Chalk formations constitute important targets for CO2 geological storage in depleted oil fields, yet their complex pore networks spanning nanometer to micron scales pose significant challenges for NMR characterization. Understanding how internal magnetic field gradients and multi-scale porosity heterogeneity influence relaxation responses is essential for reliable interpretation of NMR measurements in these formations. This presentation details a sophisticated dual-scale numerical simulation approach designed to capture these effects in chalk microstructure.

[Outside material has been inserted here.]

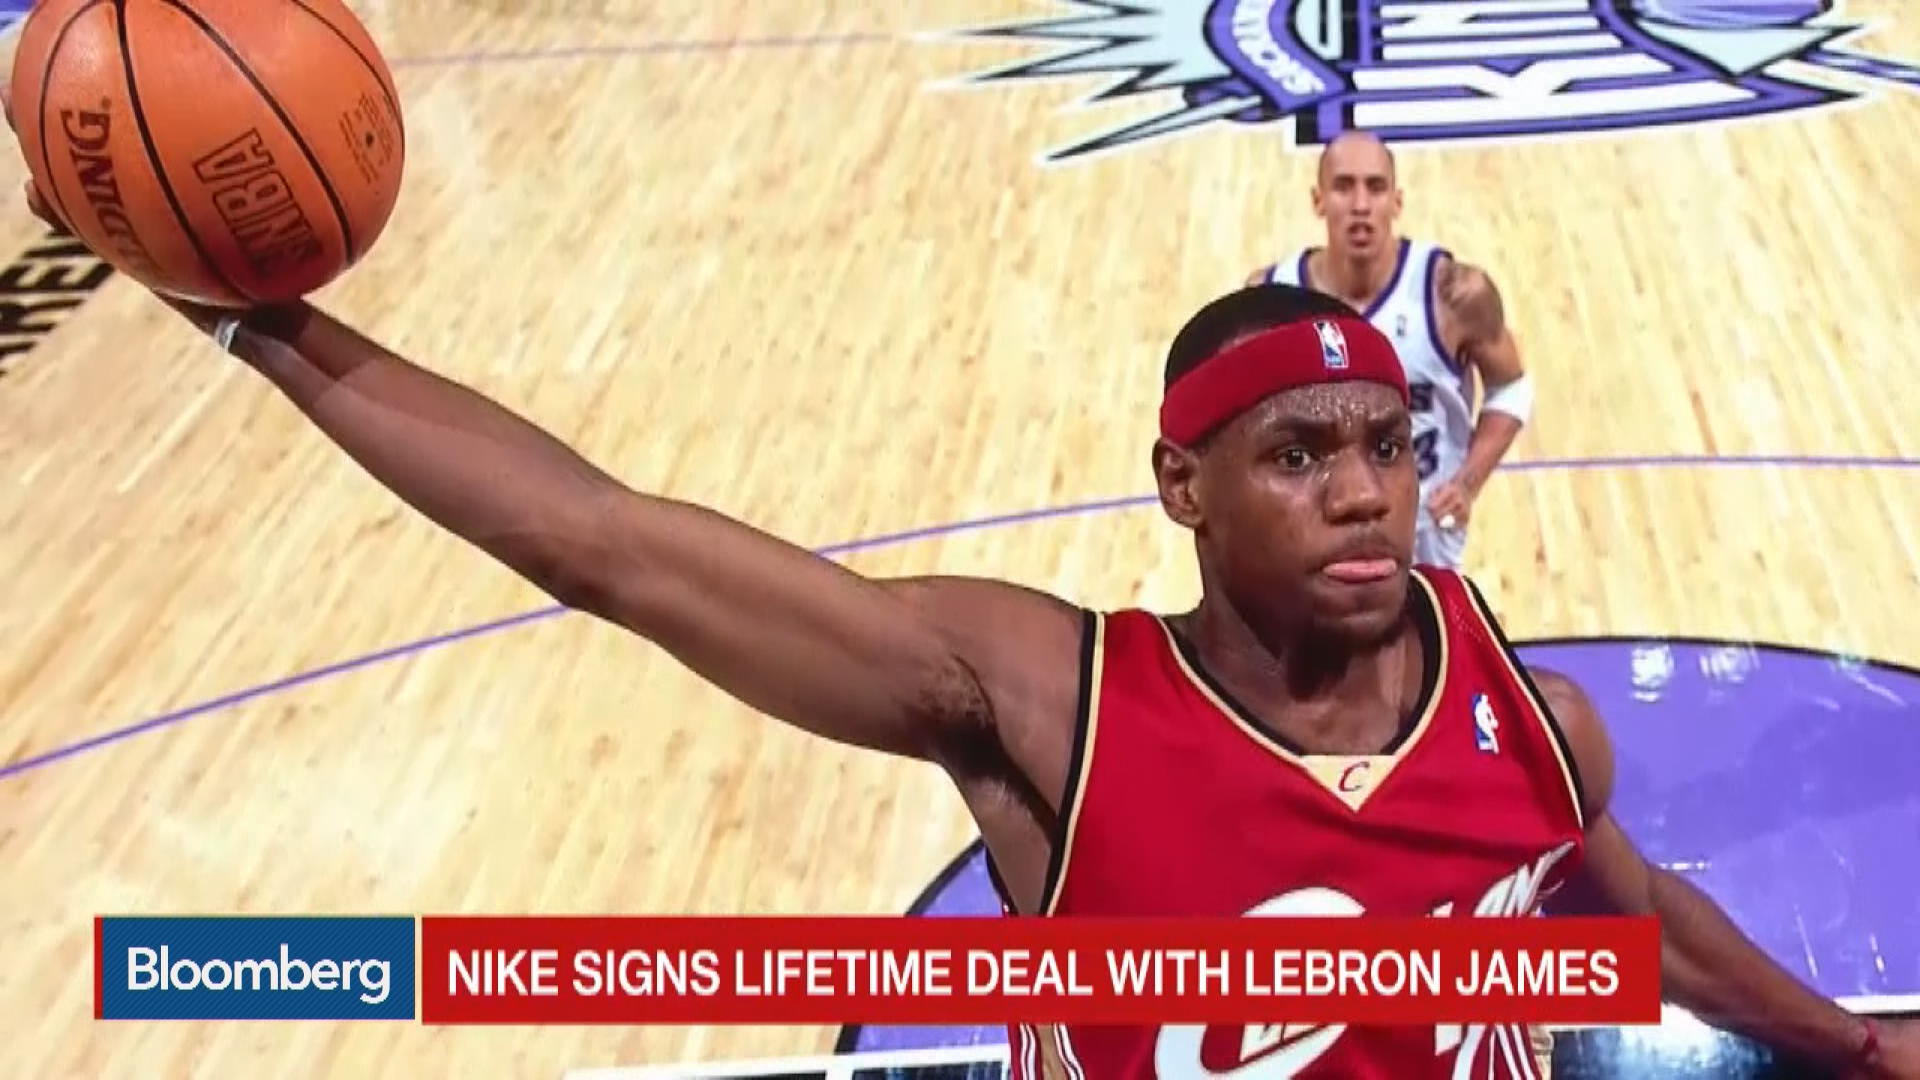 We are all witnesses: LeBron James signs historic lifetime deal

The simulation methodology combines micro-CT imaging at 3.62 μm resolution with Gaussian Random Field (GRF) reconstruction of nano-CT data at 64 nm resolution. The micro-CT image is segmented into three phases: resolved macroporosity (vugs), intermediate unresolved porosity, and semi-solid inclusions. The GRF approach enables periodic generation of the fine-scale microporosity, matched to experimental nano-CT images through two-point correlation functions. This dual-scale representation is utilized by a random walk algorithm where the microstructure is generated on-the-fly rather than storing the complete high-resolution volume.
To ensure smooth transitions between scales, an 800³ voxel micro-CT subdomain is interpolated to 900 nm resolution (creating a 3200³ image), with a 1920³ periodic GRF model overlayed at a 14:1 voxel ratio. The internal fields are computed using dual-scale FFT methods, capturing both fine-scale heterogeneity within microporosity and long-range gradients from larger-scale susceptibility variations.

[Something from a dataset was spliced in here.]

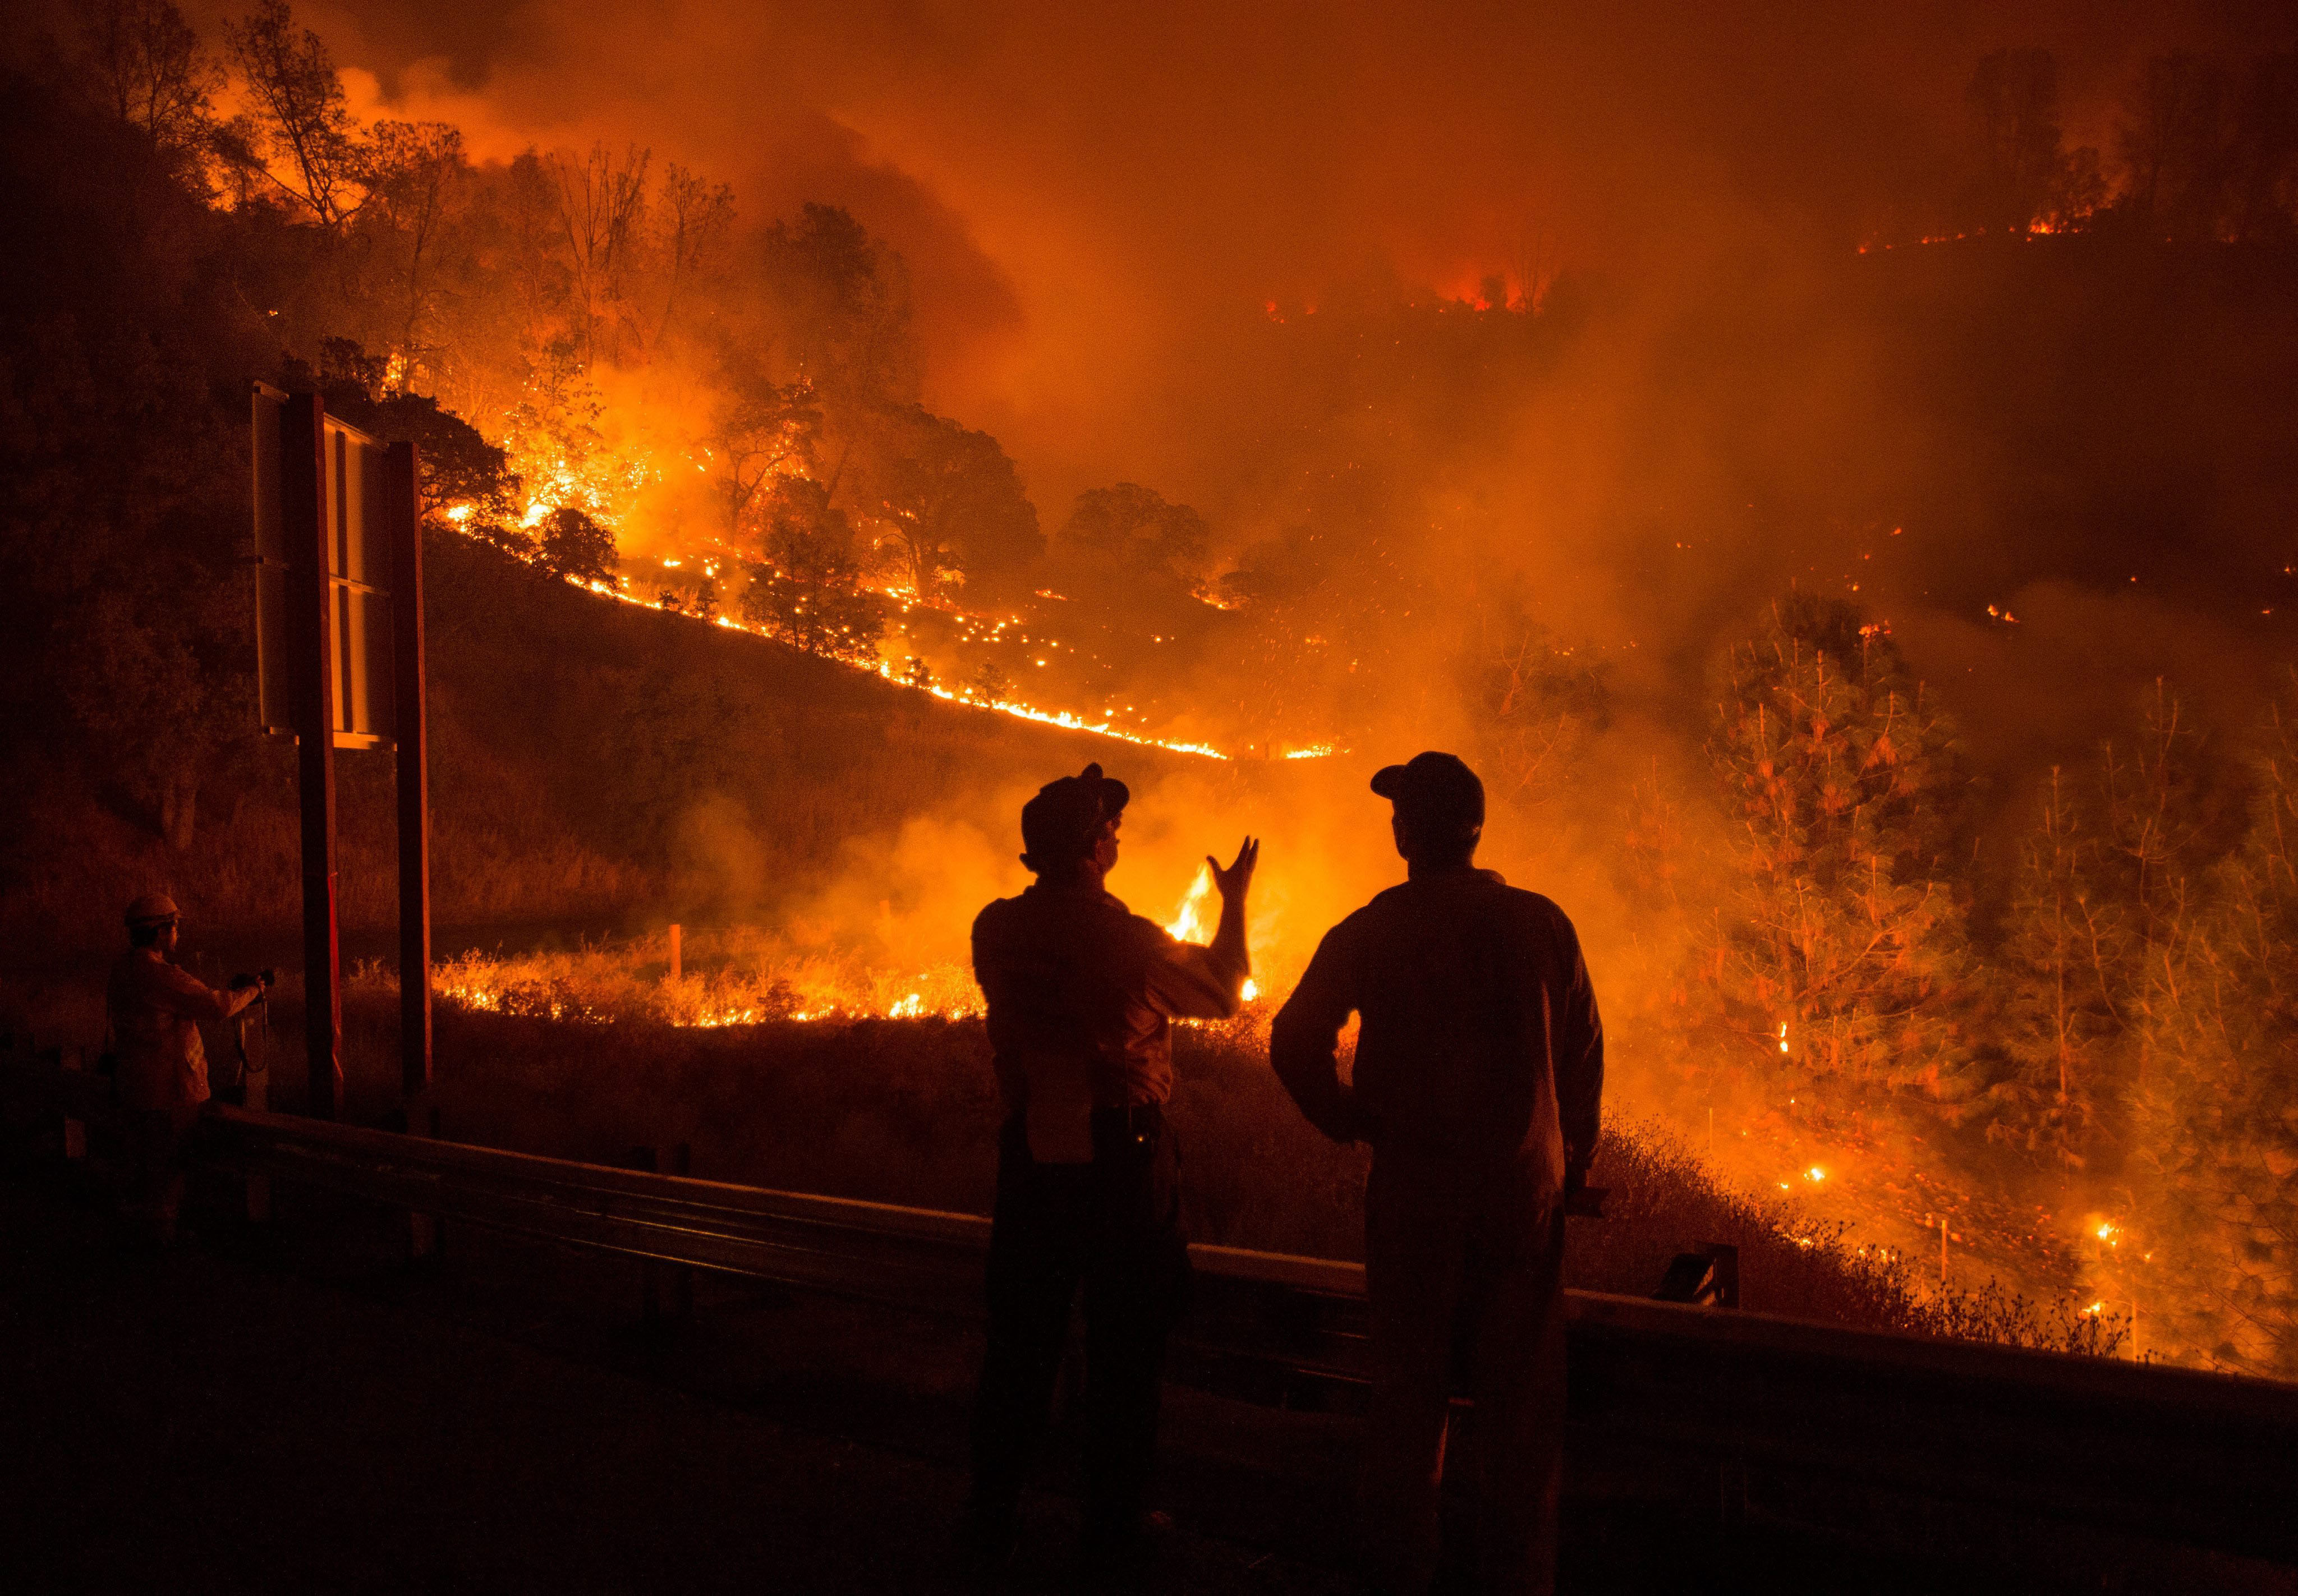 Firefighters Richard Dykhouse, left, and Dan McCabe confer as the Rocky fire burns near Clearlake, Calif. on Aug. 2, 2015. (Noah Berger—EPA)

Results demonstrate significant effects of paramagnetic inclusions on T₂ relaxation distributions. Even at low field strength (2 MHz), moderate inclusion fractions with susceptibility contrasts of up to 0.01 SI produce significant distribution shape changes. At 43 MHz, high-susceptibility inclusions generate internal gradients of ~200 G/cm in microporous regions (compared to ~30 G/cm without inclusions) and ~700 G/cm in microporous regions. CPMG simulations at multiple echo spacings (0.1-1.0 ms) reveal the echo-spacing dependence of gradient refocusing, distinguishing fine-scale from large-scale internal field effects, and enabling quantitative assessment of their relative contributions to observed relaxation behaviour.

References
[1] Arns, C.H., AlGhamdi, T. and Arns, J.Y. (2011). Numerical analysis of nuclear magnetic resonance relaxation–diffusion responses of sedimentary rock. New Journal of Physics 13(1), 015004.
[2] Cui, Y., Shikhov, I. and Arns, C.H (2022). NMR Relaxation Modelling in Porous Media with DualScaleResolved Internal Magnetic Fields. Transport in Porous Media 142(), 453-474.
[3] Rybin, I., Shikhov, I. and Arns, C.H. (2022). Lattice Boltzmann framework for accurate NMR simulation in porous media. Physical Review E 105(5), 055304.